A teenager passed from Earth to a magical realm of seven worlds, where he was soon given a hero's adult body and the name Able. Forced to act as a man, inside he remained a boy, even as he set off to find his destined sword and become a knight. In The Wizard, Sir Able returns to the world of Mythgarthr from Skye following his fight with the dragon Grengarm, twenty years older, with a unicorn steed named Cloud, and special magical powers he has sworn not to use, in return for the hope of meeting his beloved Aelf queen again. He battles the giants, meets gods, heroes, and a sorceress who tries repeatedly to seduce him, and serves the mercurial dragon king Arthur in a final war with the Osterlings.
Synopsis
A novel in two volumes,
The Wizard Knight is in the rare company of those works which move past the surface of fantasy and drink from the wellspring of myth. Magic swords, dragons, giants, quests, love, honor, nobility-all the familiar features of fantasy come to fresh life in this masterful work.

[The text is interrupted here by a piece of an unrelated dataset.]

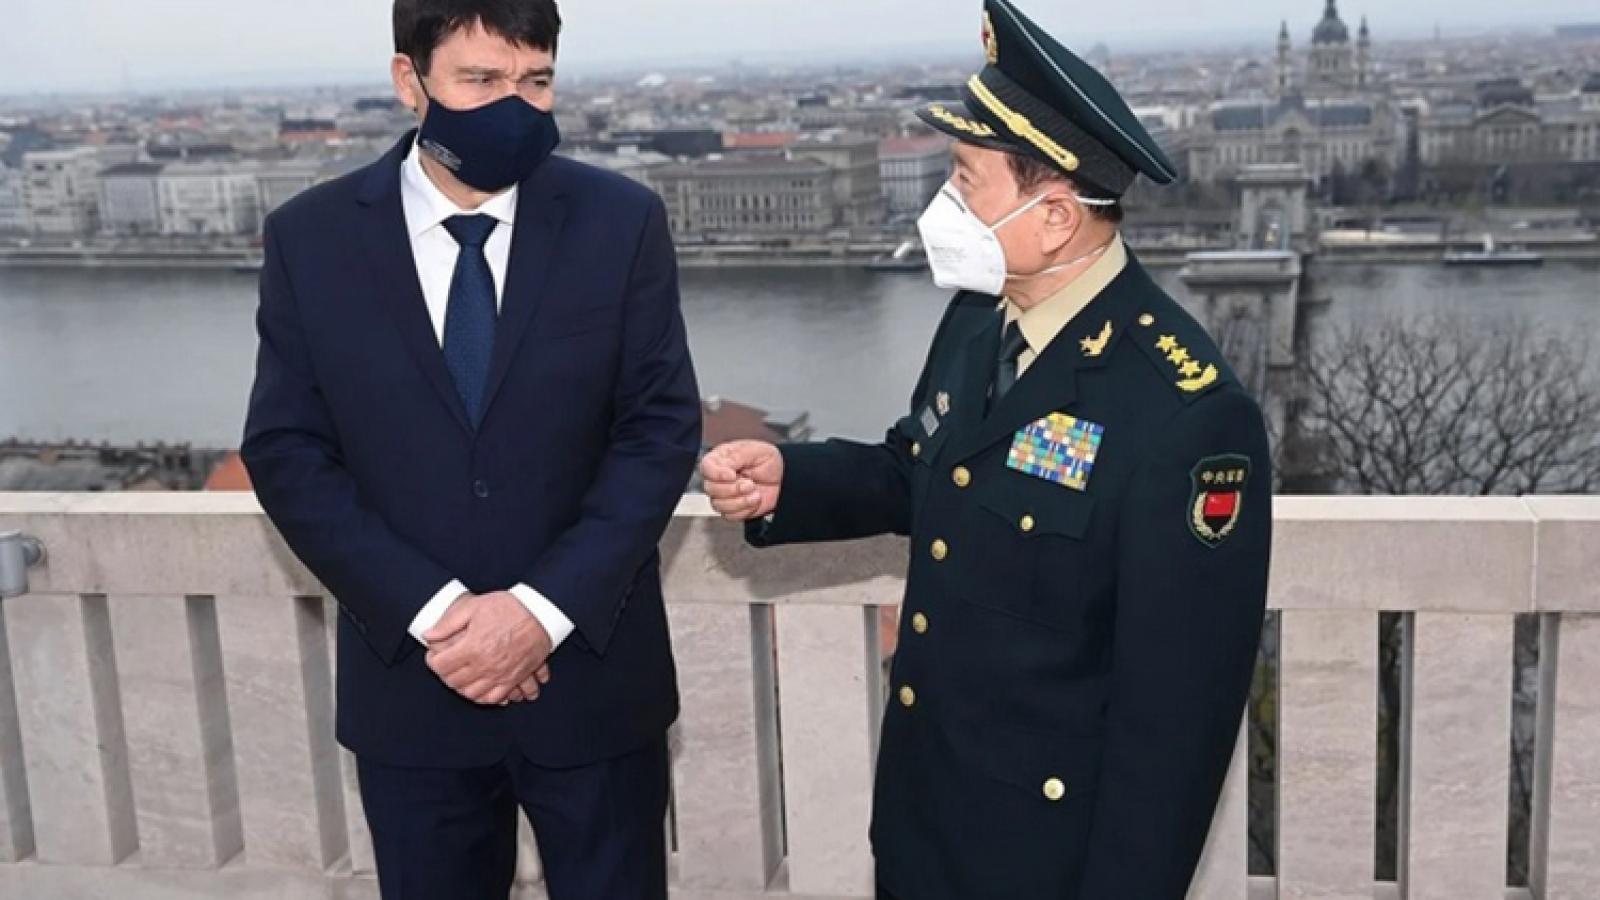 Trung Quốc đẩy mạnh ngoại giao quốc phòng tại châu Âu

The first half of the journey, The Knight -- which you are advised to read first, to let the whole story engulf you from the beginning -- took a teenage boy from America into Mythgarthr, the middle realm of seven fantastic worlds. Above are the gods of Skai; below are the capricious Aelf, and more dangerous things still. Journeying throughout Mythgarthr, Able gains a new brother, an Aelf queen lover, a supernatural hound, and the desire to prove his honor and become the noble knight he always knew he would be.

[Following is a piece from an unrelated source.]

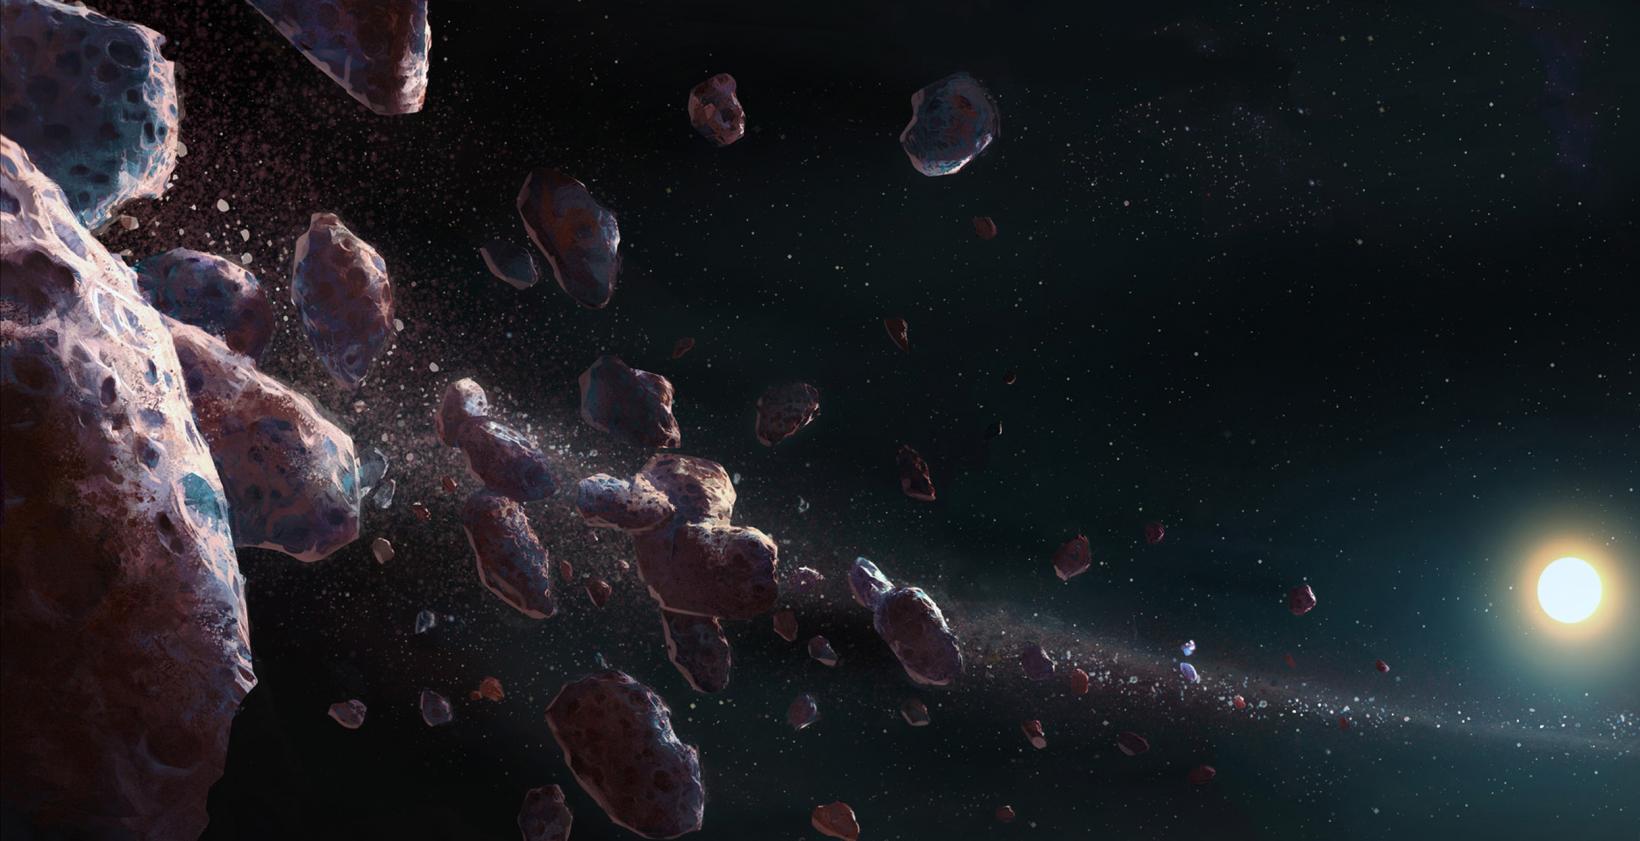 Мифологизированное представление опоясе астероидов

Coming into Jotunland, home of the Frost Giants, Able -- now Sir Able of the High Heart --claims the great sword Eterne from the dragon who has it. In reward, he is ushered into the castle of the Valfather, king of all the Gods of Skai.
Thus begins the second part of his quest. The Wizard begins with Able's return to Mythgathr on his steed Cloud, a great mare the color of her name. Able is filled with new knowledge of the ways of the seven-fold world and possessed of great magical secrets. His knighthood now beyond question, Able works to fulfill his vows to his king, his lover, his friends, his gods, and even his enemies. Able must set his world right, restoring the proper order among the denizens of all the seven worlds.
The Wizard is a charming, riveting, emotionally charged tale of wonders, written with all the beauty one would expect from a writer whom Damon Knight called "a national treasure." If you've never sampled the works of the man Michael Swanwick described as "the greatest writer in the English language alive today," the two volumes of The Wizard Knight are the perfect place to start.
About the Author
Gene Wolfe is the author of two dozen novels and hundreds of short stories. Possibly the most critically acclaimed SF/Fantasy author of our time, he is the winner of the World Fantasy Award for Life Achievement, as well as the Nebula Award (2), the World Fantasy Award (2), the John W. Campbell Memorial Award, the British Fantasy Award, and the Prix Apollo. He lives with his wife, Rosemary, in Barrington, IL.